Neutrophil Cytoplasmic Antibodies
Also known as: ANCA; MPO/PR3; c-ANCA; p-ANCA
In accordance with the revised 2017 international consensus on testing of ANCAs, and our own experience in Oxford, suggests that ANCA requests should be confined to patients with a high pre-test probability of small vessel vasculitis, if misleading 'false positives' in a range of non-vasculitic disorders are to be avoided.
Therefore, ANCA requests will be gated and only accepted from patients presenting with symptoms consistent with small vessel vasculitis as detailed below.
- Glomerulonephritis, especially rapidly progressing glomerulonephritis
- Pulmonary haemorrhage, especially pulmonary renal syndrome
- Acute pulmonary-renal syndrome
- Cutaneous vasculitis with systemic features
- Multiple lung nodules
- Chronic destructive disease of the upper airways
- Long-standing sinusitis or otitis
- Granulomatous nasopharyngeal lesions
- Subglottic tracheal stenoses
- Mononeuritis multiplex, or other peripheral neuropathy
- Retro-orbital mass
- Scleritis
To ensure optimal test usage, we will be accepting ANCA requests from the following specialities where most patients of the above spectrum will be seen:
- Rheumatology
- Renal/Nephrology
- Respiratory medicine
- Ear Nose and Throat
- Medical ophthalmology
- Dermatology
If you are concerned that your patient requires ANCA testing outside these specialties please supply relevant clinical details to ensure we do not screen out your request, and if still not accepted and you have a strong clinical suspicion for small vessel vasculitis then please do not hesitate to contact the laboratory:
Tel: 01865 225995
or any of the Immunology Medical team (via Switchboard), to discuss this further.
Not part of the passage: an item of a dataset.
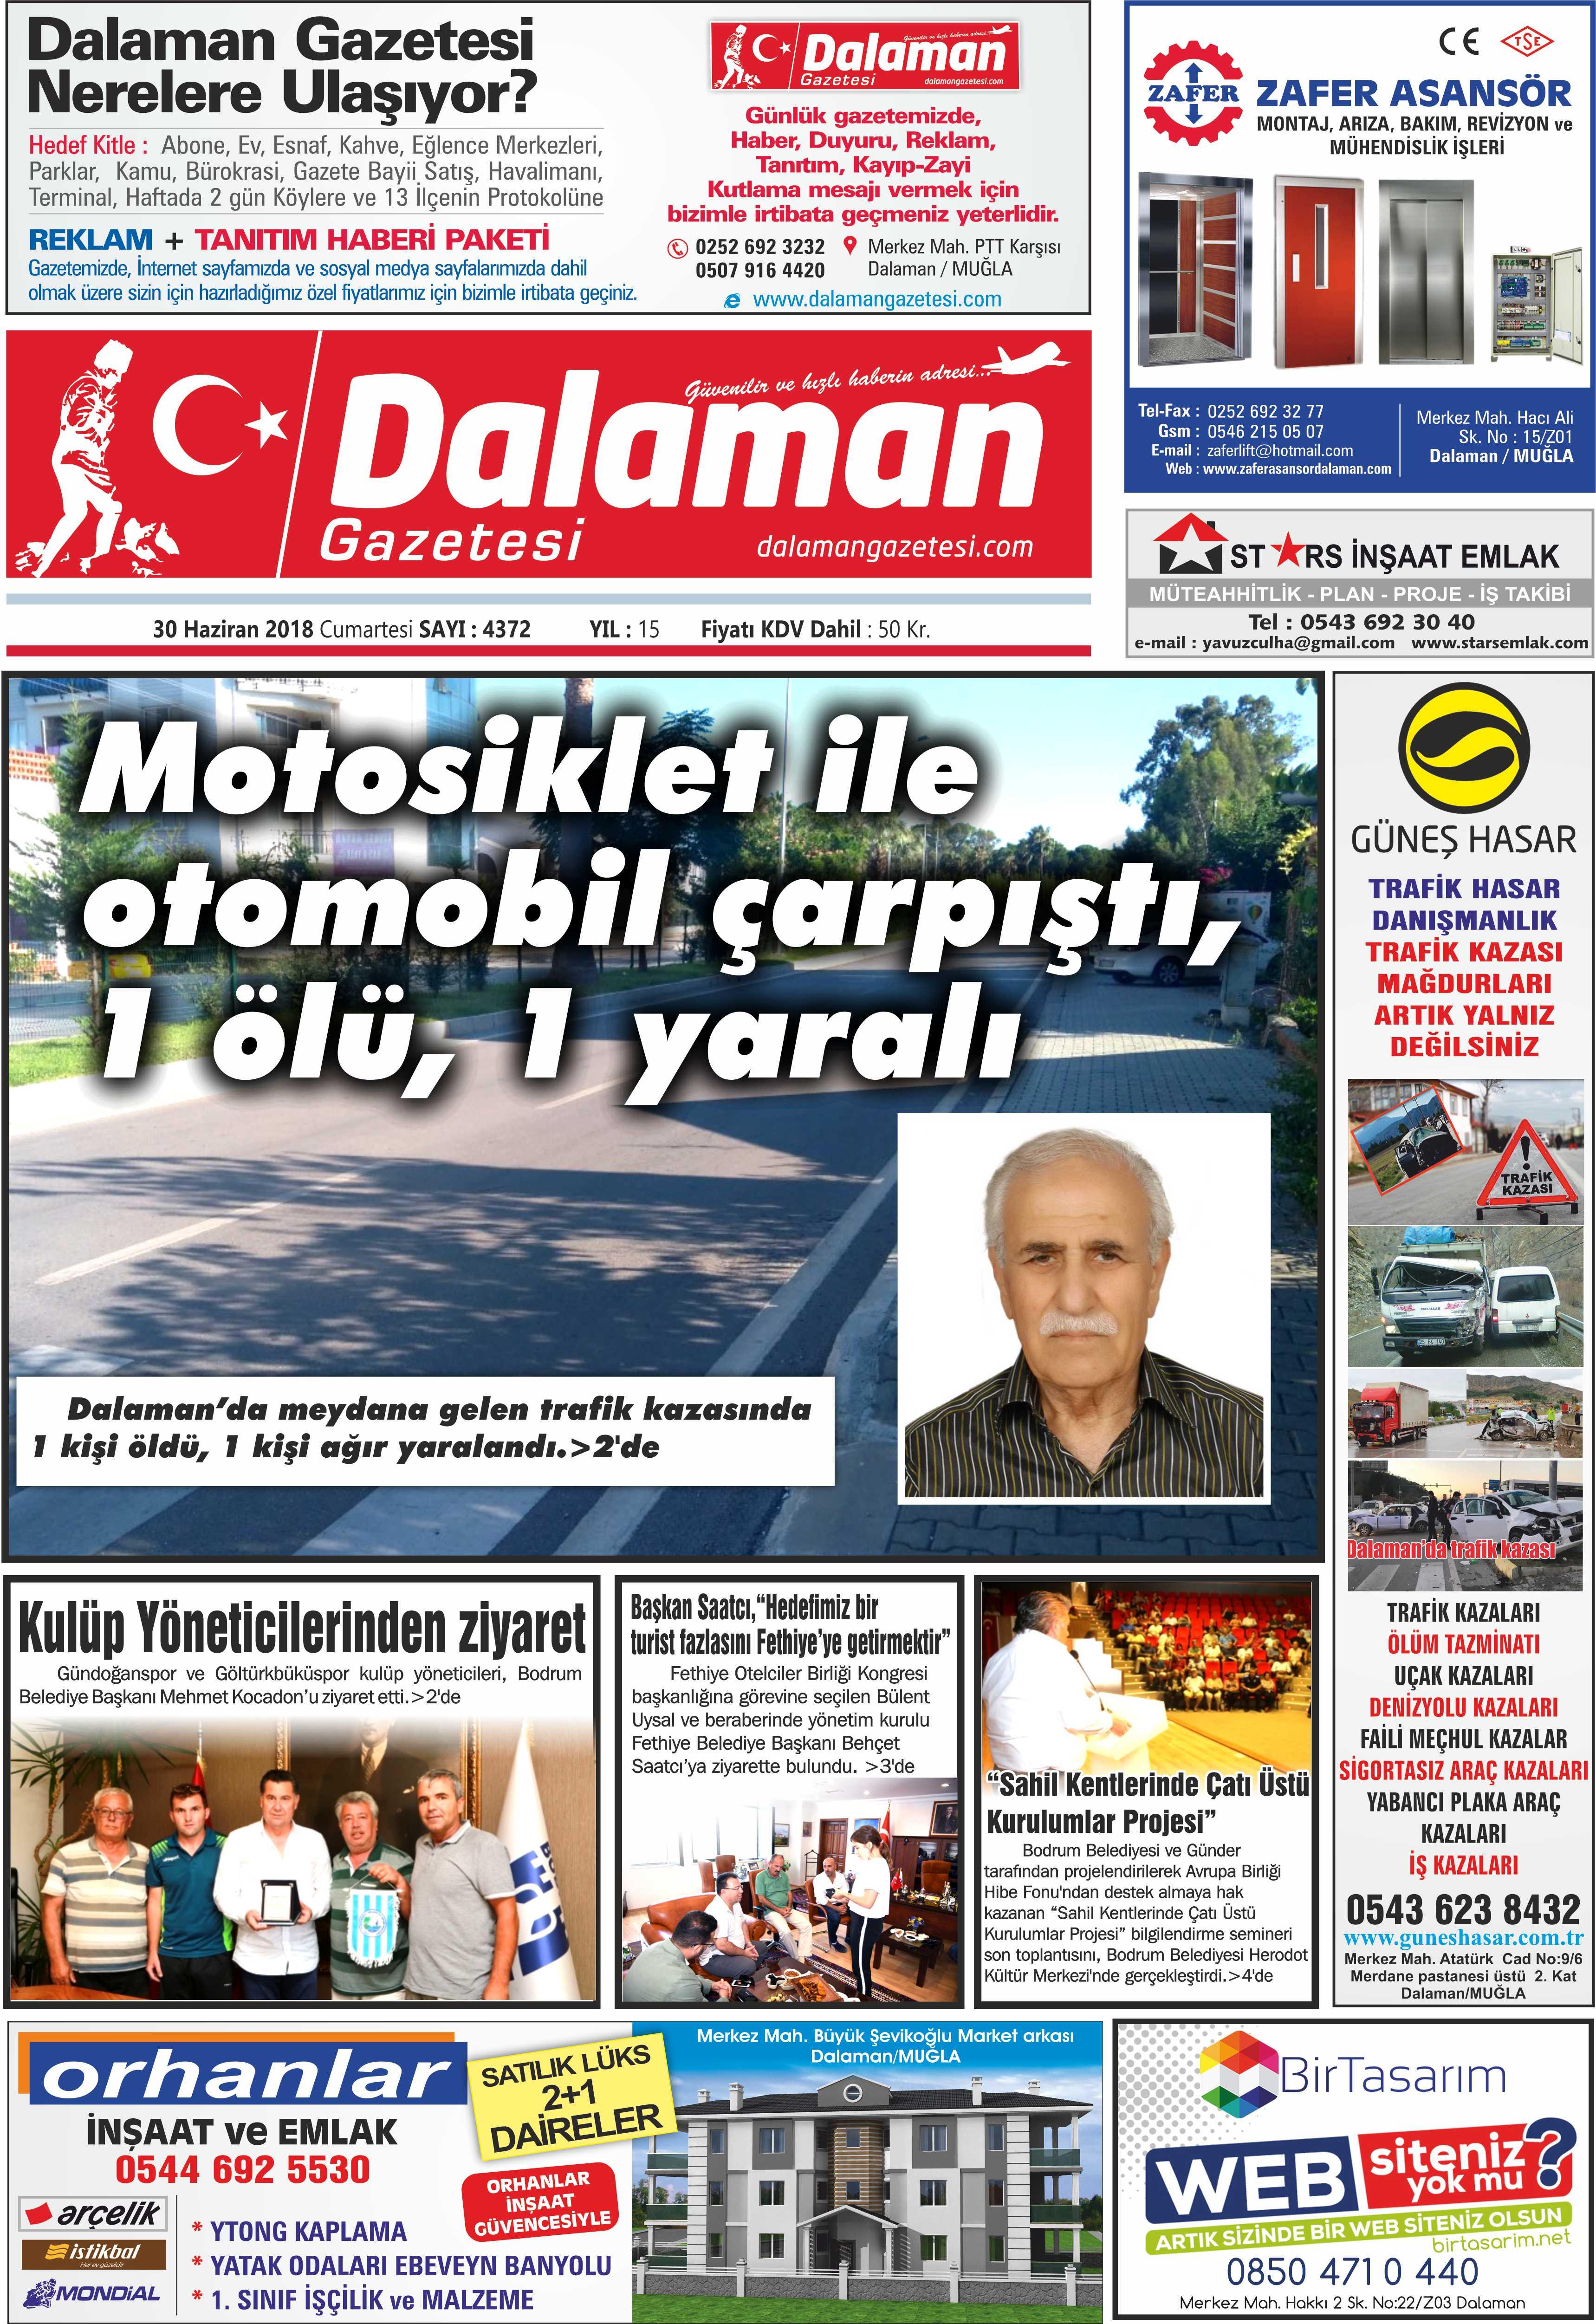 30.6.2018 0 - Dalaman'dan haber başlıkları

Requests not fulfilling the above criteria will not be processed and you will be notified on the report.
IgG antibodies directed against neutrophil enzymes systems are useful in the diagnosis and management of systemic necrotising vasculitis.
The main systemic necrotising vasculitides that are associated with a positive ANCA pattern are:
- Granulomatous Polyangiitis (GPA/Wegener's Granulomatosis)
- Microscopic Polyarteritis
- Rapidly Progressive Glomerulonephritis
- Churg-Strauss Syndrome.
Two major forms of pattern are seen: the cytoplasmic ANCA (cANCA) usually associated with autoantibodies against anti-proteinase 3 (PR3), and the perinuclear (pANCA) pattern generally associated with myeloperoxidase (MPO) autoantibodies.
Note 'false positives' may occur in diseases which may mimic systemic vasculitis e.g. infective endocarditis, tuberculosis, non-Hodgkin's lymphoma, acquired immune deficiency syndrome.
P-ANCA (of anti-MPO specificity) are found in up to 50 percent of patients with microscopic polyarteritis and pauci-immune glomerulonephritis, in addition to rheumatoid arthritis, SLE and ulcerative colitis.
Samples from known ANCA positive patients are tested for MPO or PR3 antibody levels, as appropriate. New ANCA positives are analysed for ANCA specificity and levels against both MPO and PR3.
Specimen requirements
Serum 1ml
Cost
Price on application
Laboratory turnaround time
4 days
Laboratory method
Indirect Immunofluorescnce
Reference range/units
ANCA
Positive or Negative with pattern and titre
MPO Antibody Levels
>5.0 IU/ml = Positive
3.5-5 IU/ml = Equivocal
<3.5 IU/ml = Negative
PR3Antibody Levels
>3.0IU/ml = Positive
2-3.0 IU/ml = Equivocal
<2.0 IU/ml = Negative
Associated tests
MPO/PR3
Sample stability
ANCA
1 month at 2-8ºC
MPO/PR3
2 months at 2-8ºC
Shipping and storage
UK and Ireland
Ambient temperature and first class post. Hays DX users please enquire via email below.
International
Ambient temperature if courier will deliver within 72 hours otherwise consider refrigerated transport. Freezing is not a requirement.
Ensure delivery Monday to Friday 09:00 - 17:30.